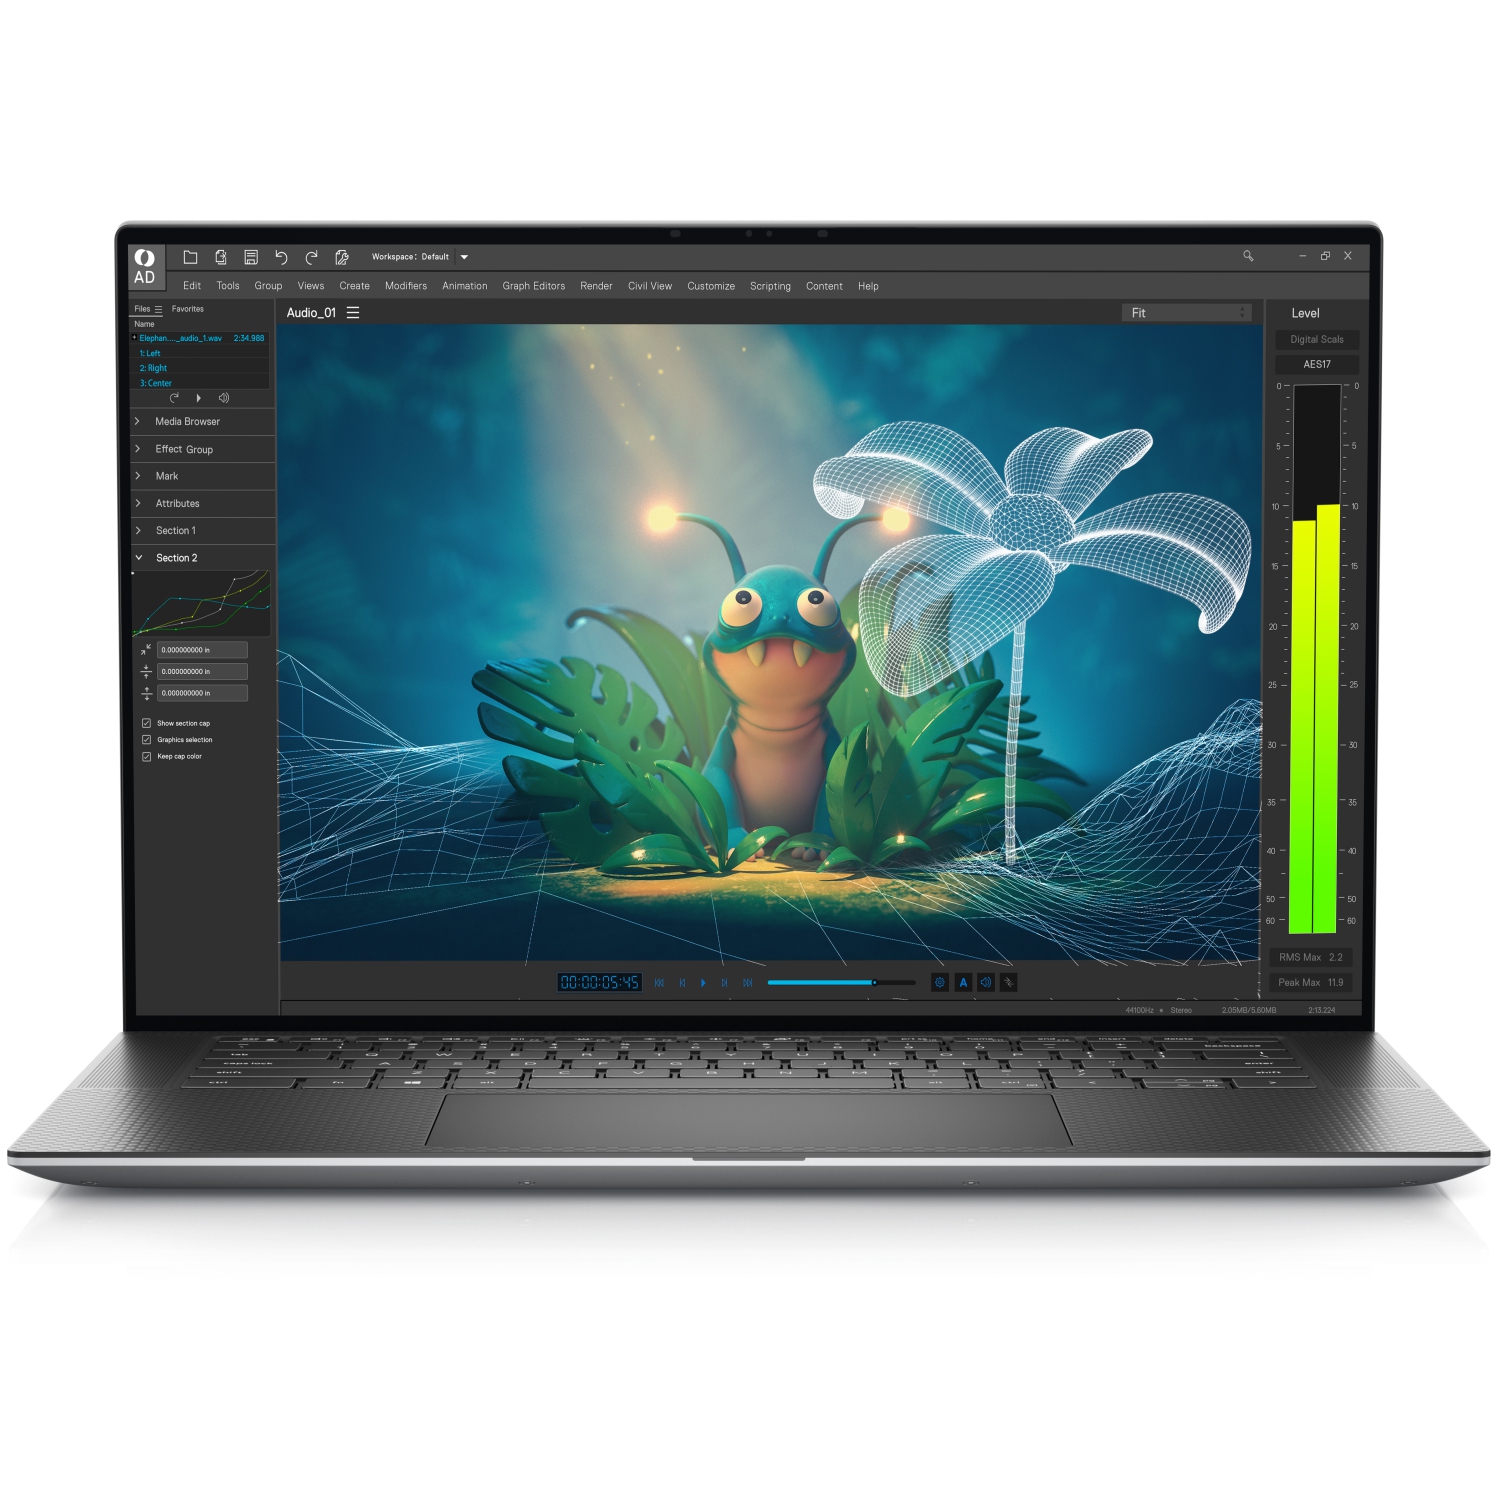 Refurbished (Excellent) – Dell Precision 5000 5570 Workstation Laptop (2022) | 15.6" 4K Touch | Core i7 - 2TB SSD - 32GB RAM - RTX A1000 | 14 Cores @ 4.8 GHz - 12th Gen CPU
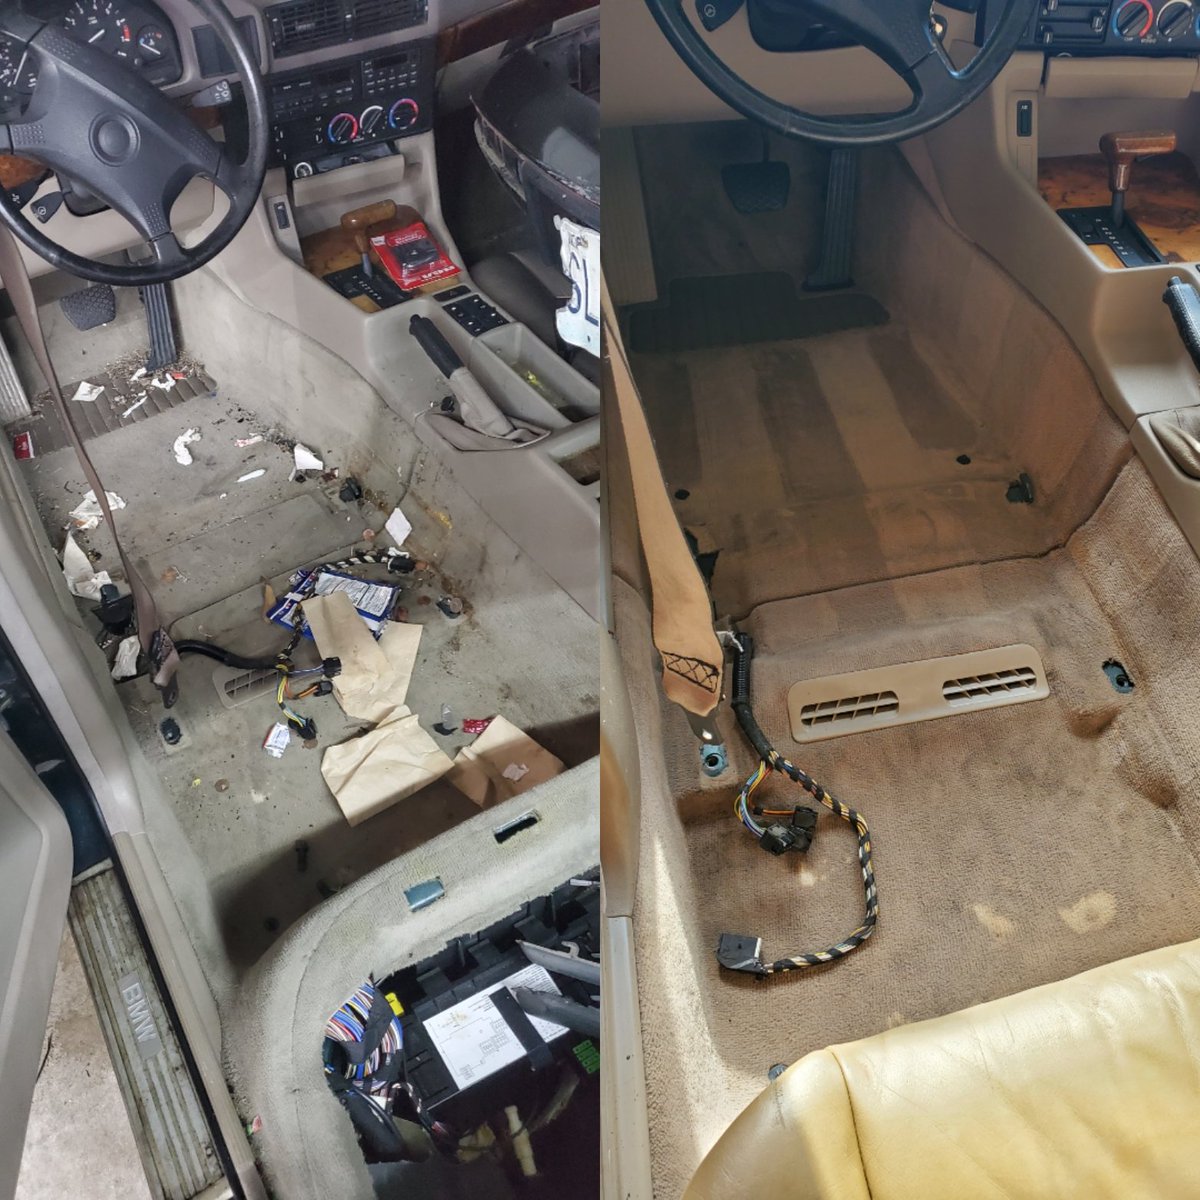 More progress on the interior. Drivers side carpets cleaned, moved on to the center console area. Really getting into the books and crannies
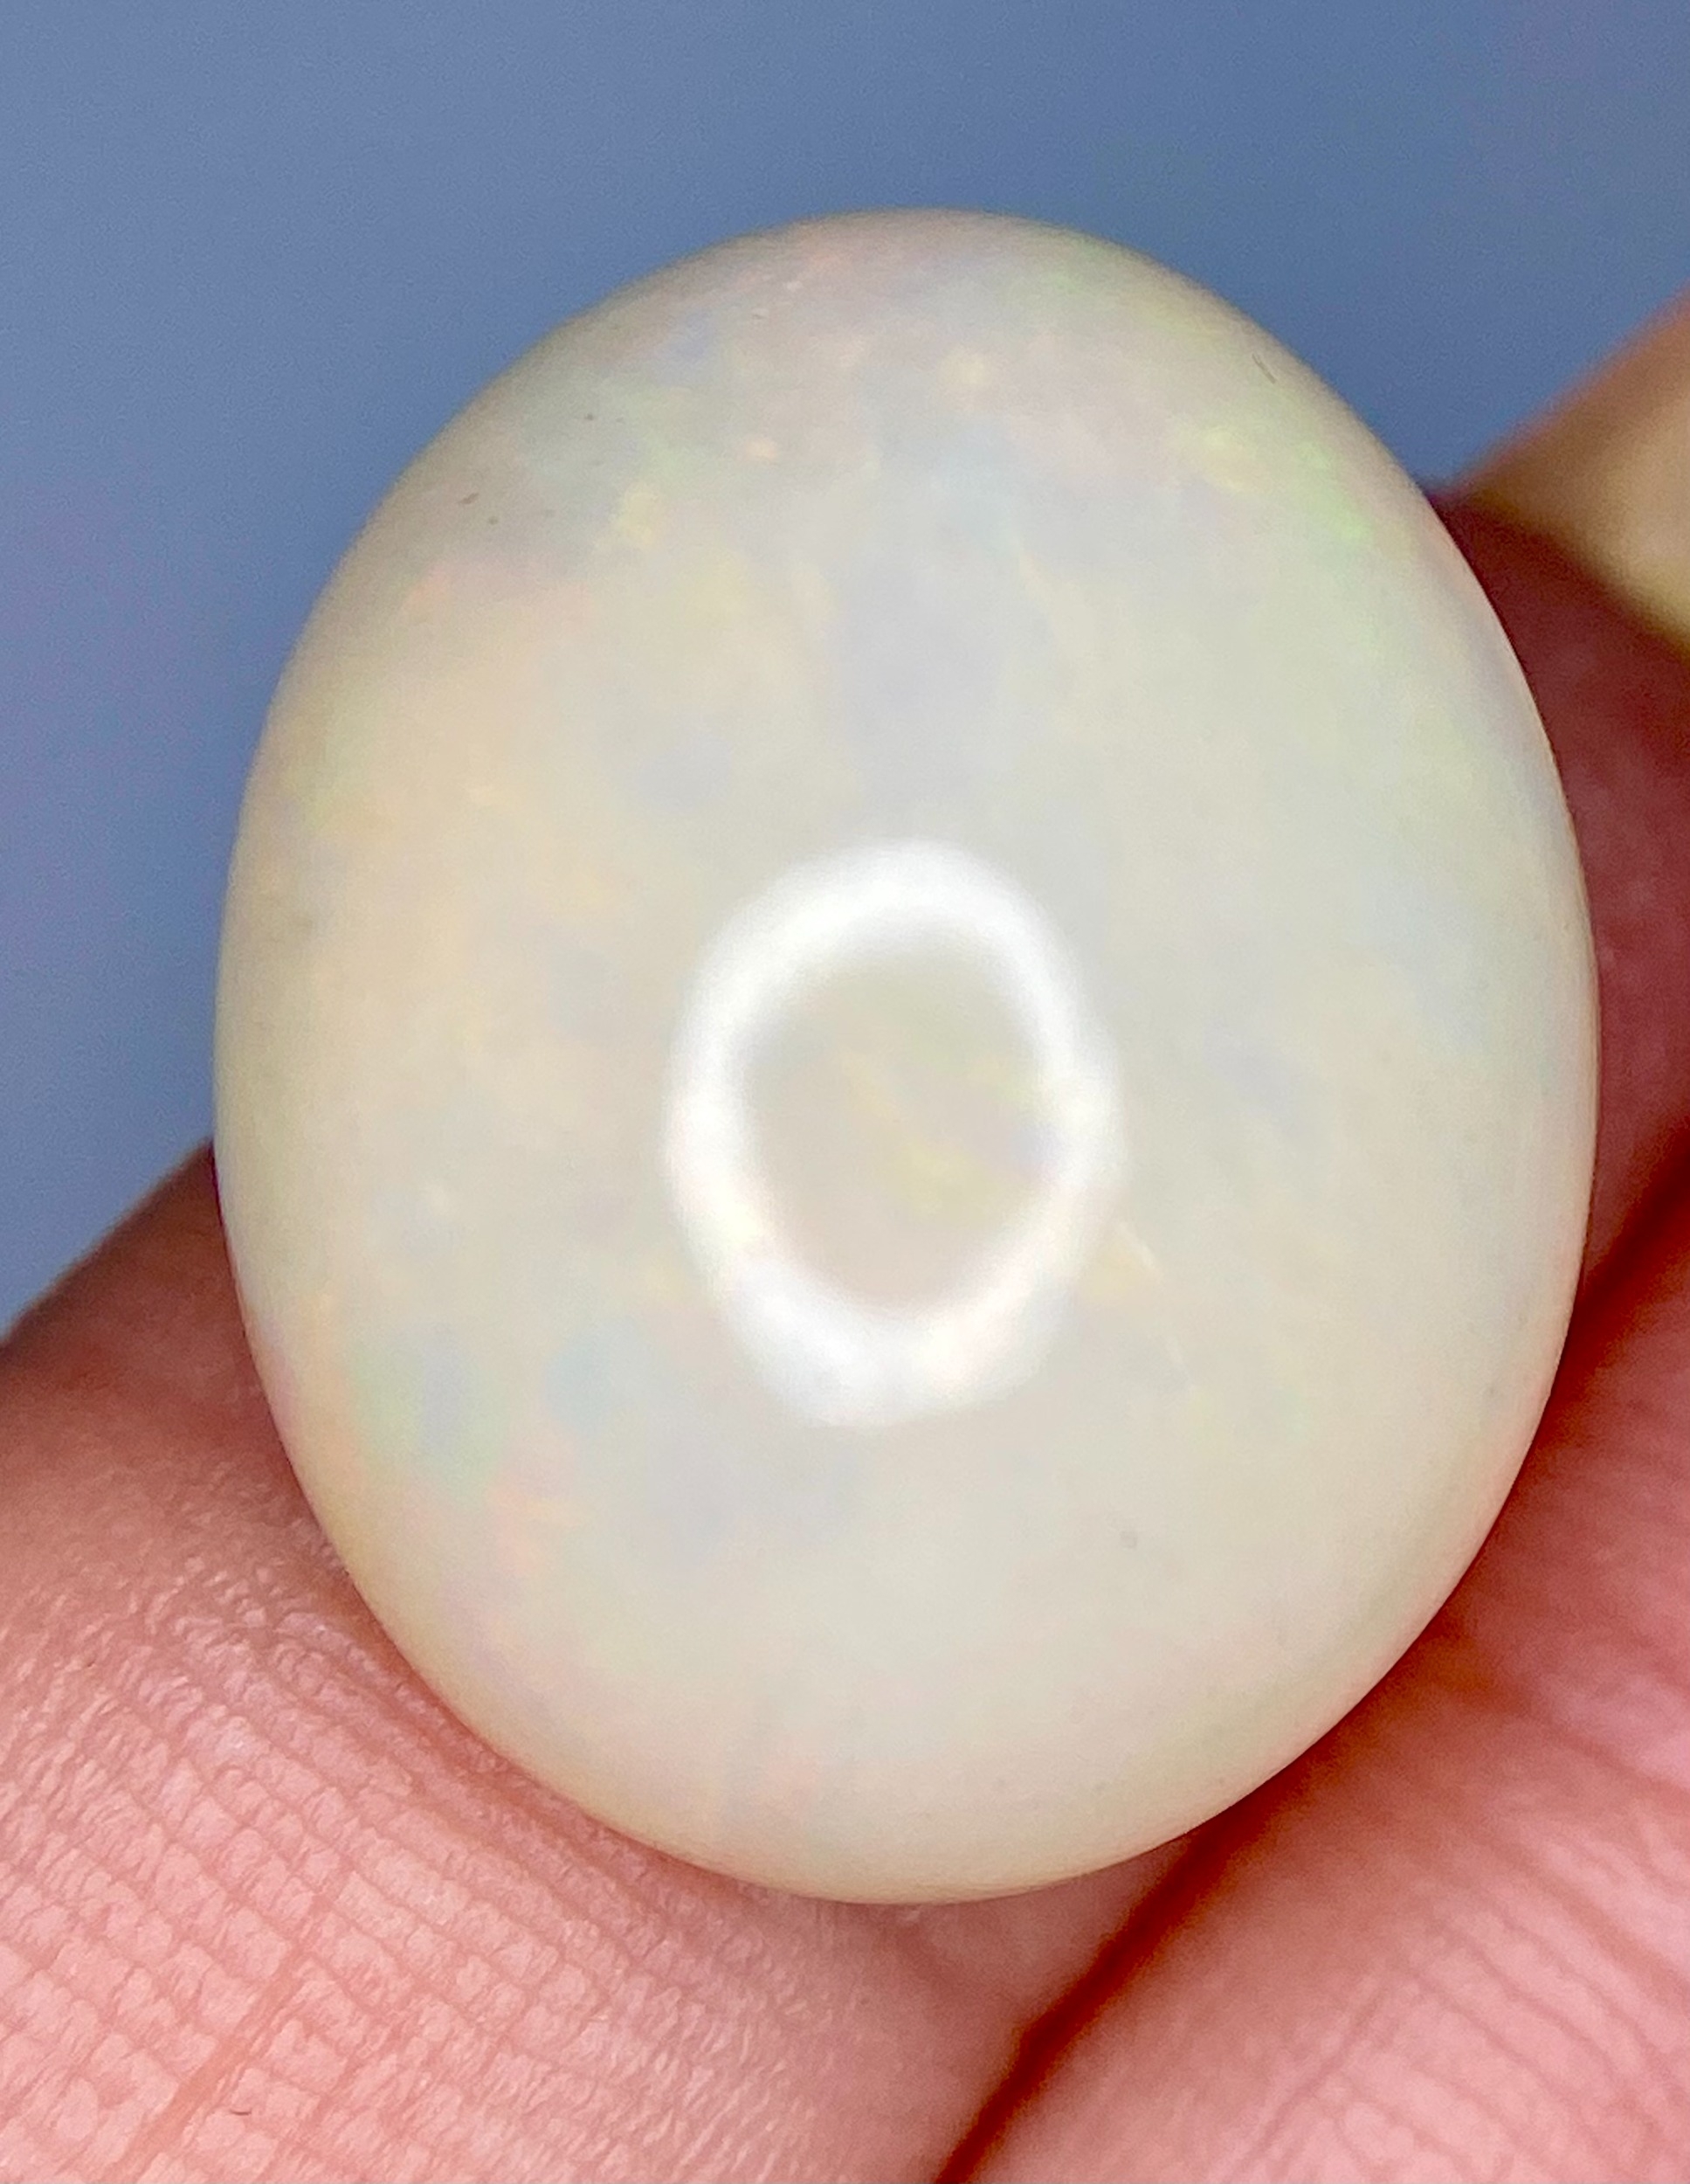 An 18.14ct Large Ethiopian Opal Gemstone - ITLGR Certified. - Image 3 of 4

===============

▸ Exercise instructions
Please set down the data above exactly as given, leaving every picture out.

▸ Reply to the exercise
 Refurbished (Excellent) – Dell Precision 5000 5570 Workstation Laptop (2022) | 15.6" 4K Touch | Core i7 - 2TB SSD - 32GB RAM - RTX A1000 | 14 Cores @ 4.8 GHz - 12th Gen CPU
 More progress on the interior. Drivers side carpets cleaned, moved on to the center console area. Really getting into the books and crannies
 An 18.14ct Large Ethiopian Opal Gemstone - ITLGR Certified. - Image 3 of 4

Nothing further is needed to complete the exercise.